_EXERCISE DESCRIPTION_
Give back exactly the lines of the material below that start at the line containing "Cierra Bolsa Mexicana" and end at the line containing "找不到理想花布的圖案嗎? 利", and no others.

_RECORDS PROVIDED_
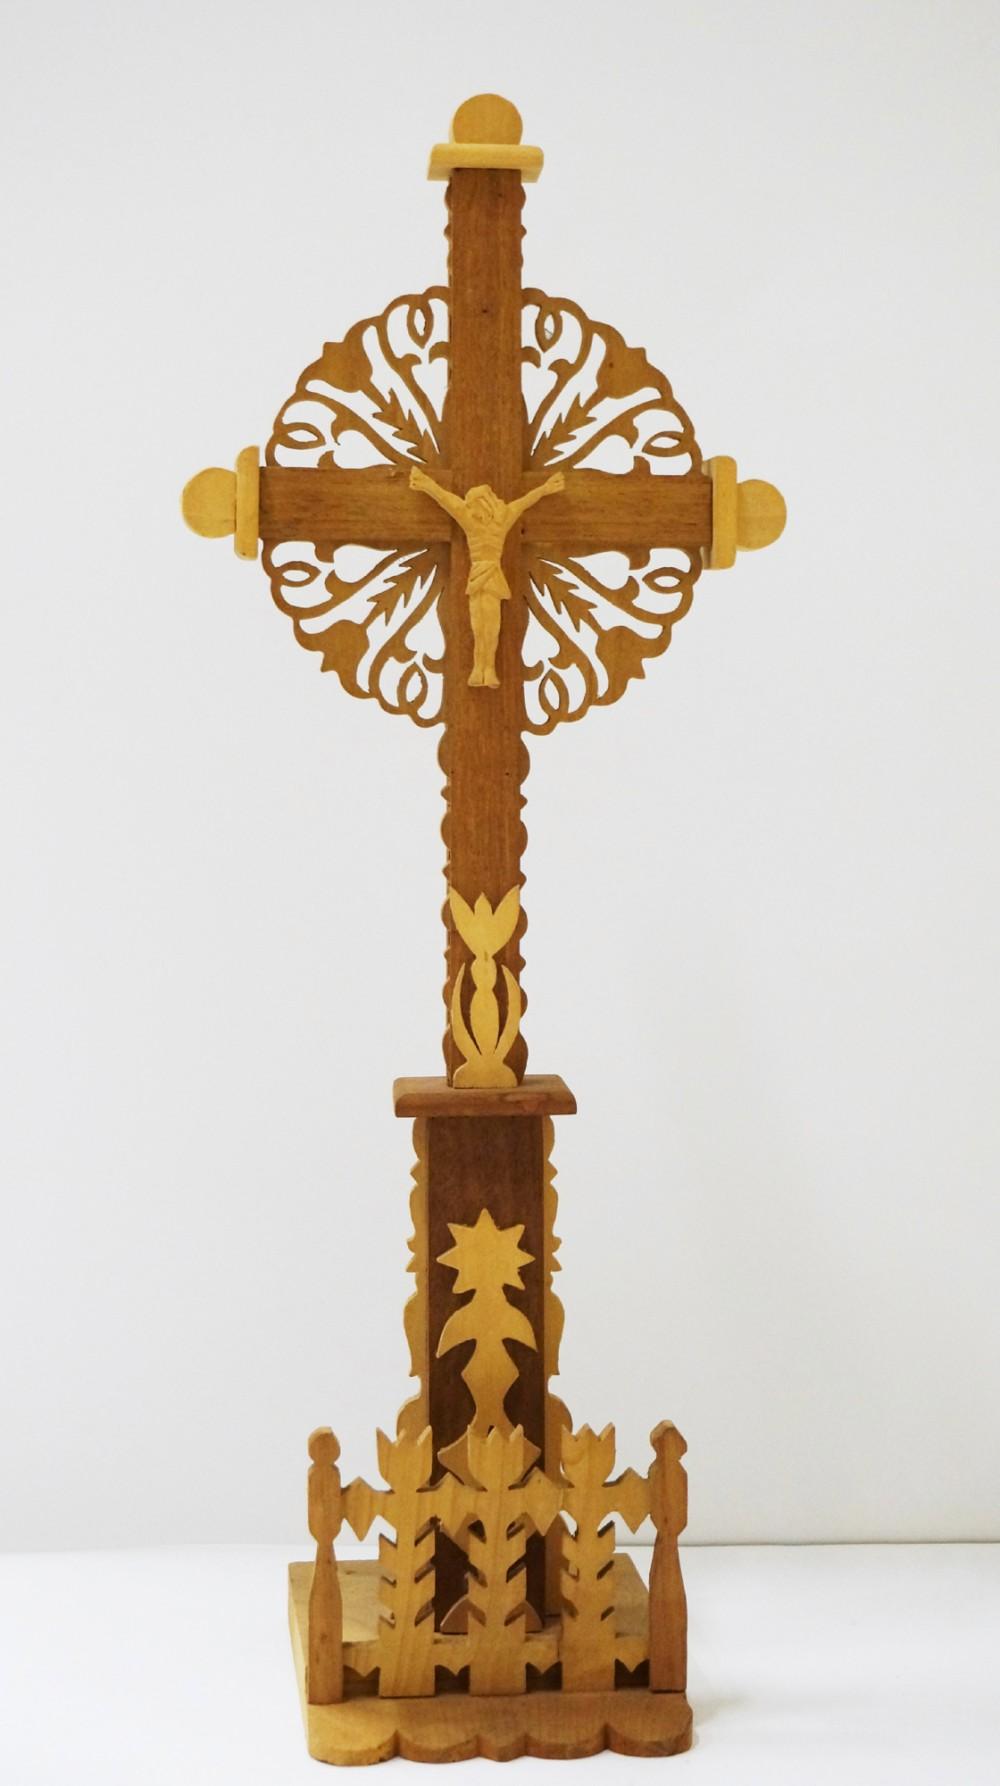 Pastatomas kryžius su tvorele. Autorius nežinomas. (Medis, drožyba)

---

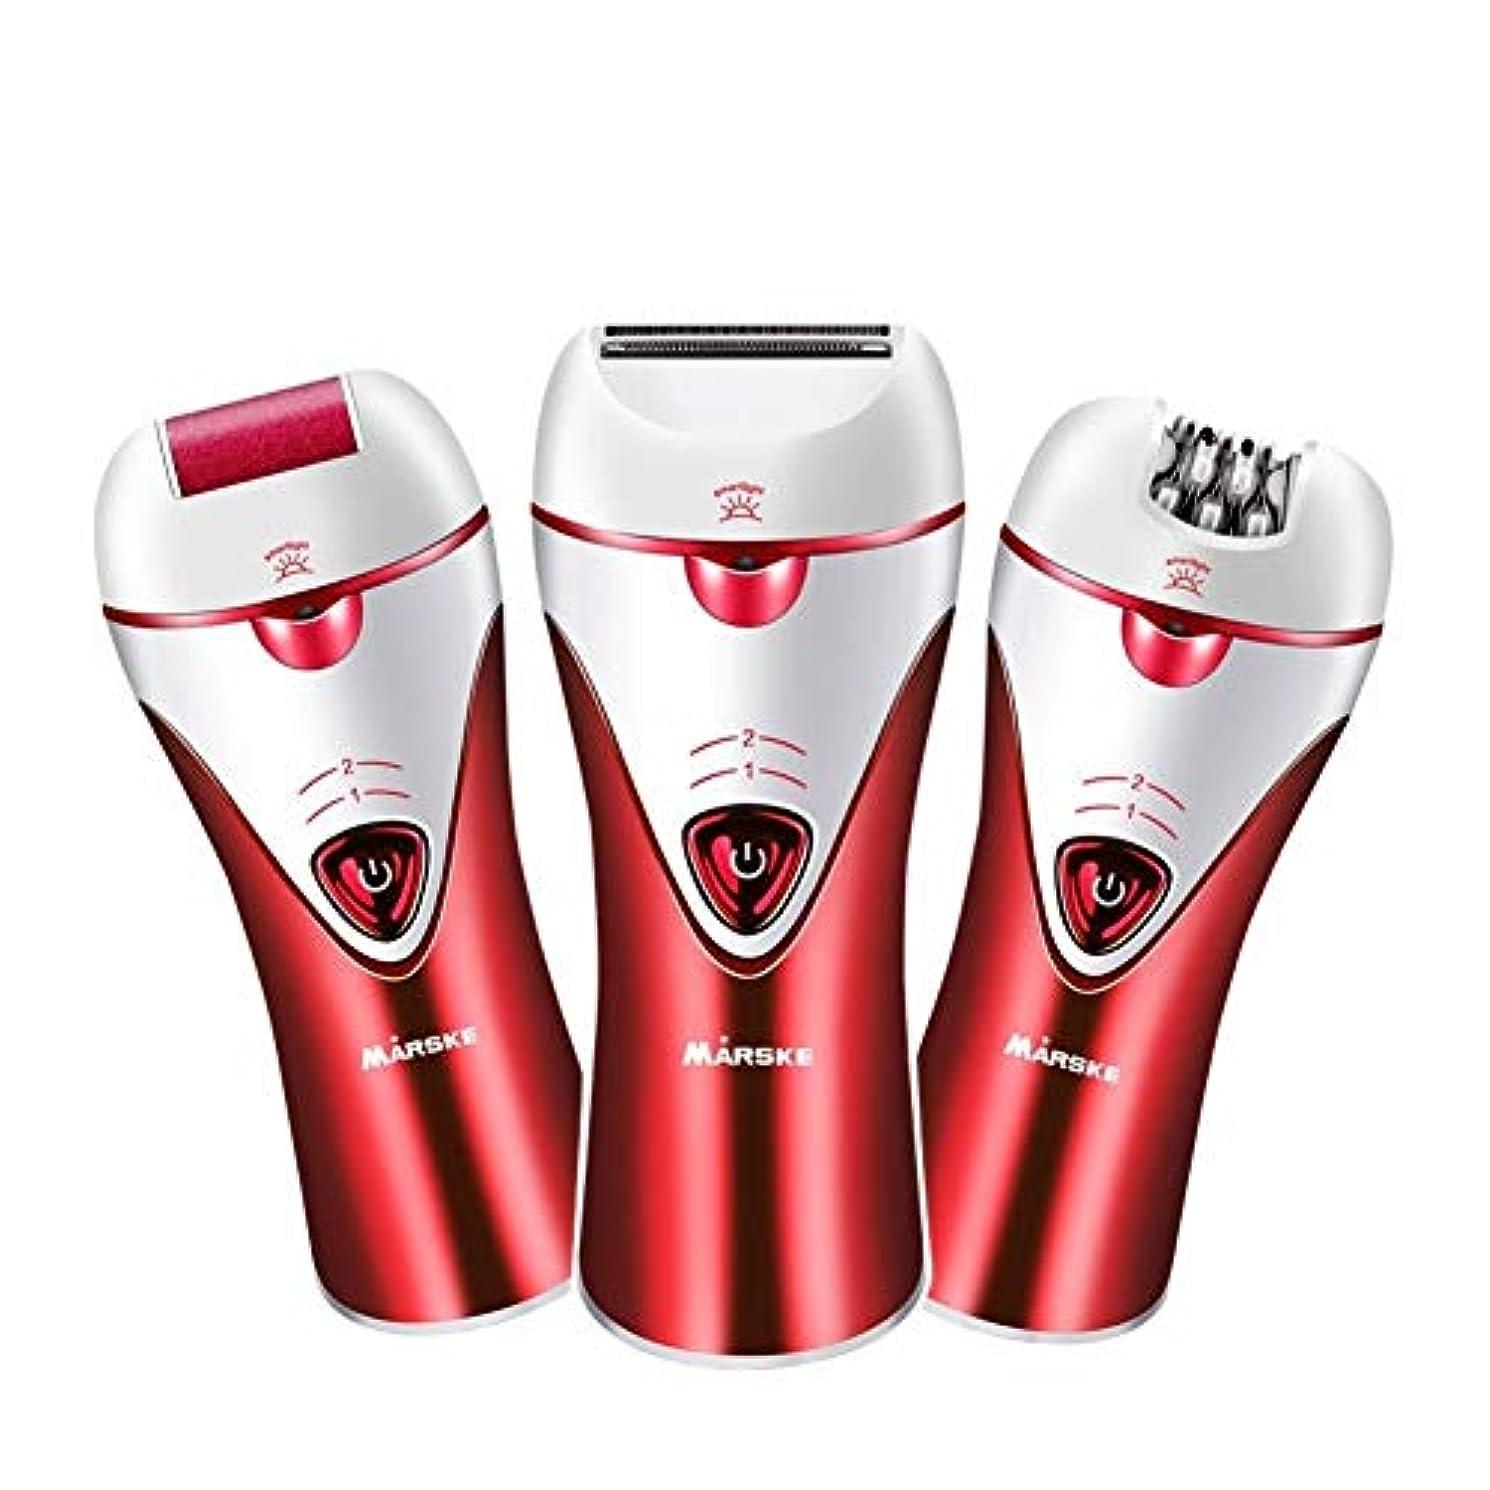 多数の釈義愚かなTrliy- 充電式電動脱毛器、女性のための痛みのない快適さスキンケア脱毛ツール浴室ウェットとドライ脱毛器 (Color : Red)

* * *

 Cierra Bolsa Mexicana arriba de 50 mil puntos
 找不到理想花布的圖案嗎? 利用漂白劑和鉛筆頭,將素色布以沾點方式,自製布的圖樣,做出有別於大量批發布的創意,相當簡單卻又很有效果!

_OUTPUT OF THE EXERCISE_
 Cierra Bolsa Mexicana arriba de 50 mil puntos
 找不到理想花布的圖案嗎? 利用漂白劑和鉛筆頭,將素色布以沾點方式,自製布的圖樣,做出有別於大量批發布的創意,相當簡單卻又很有效果!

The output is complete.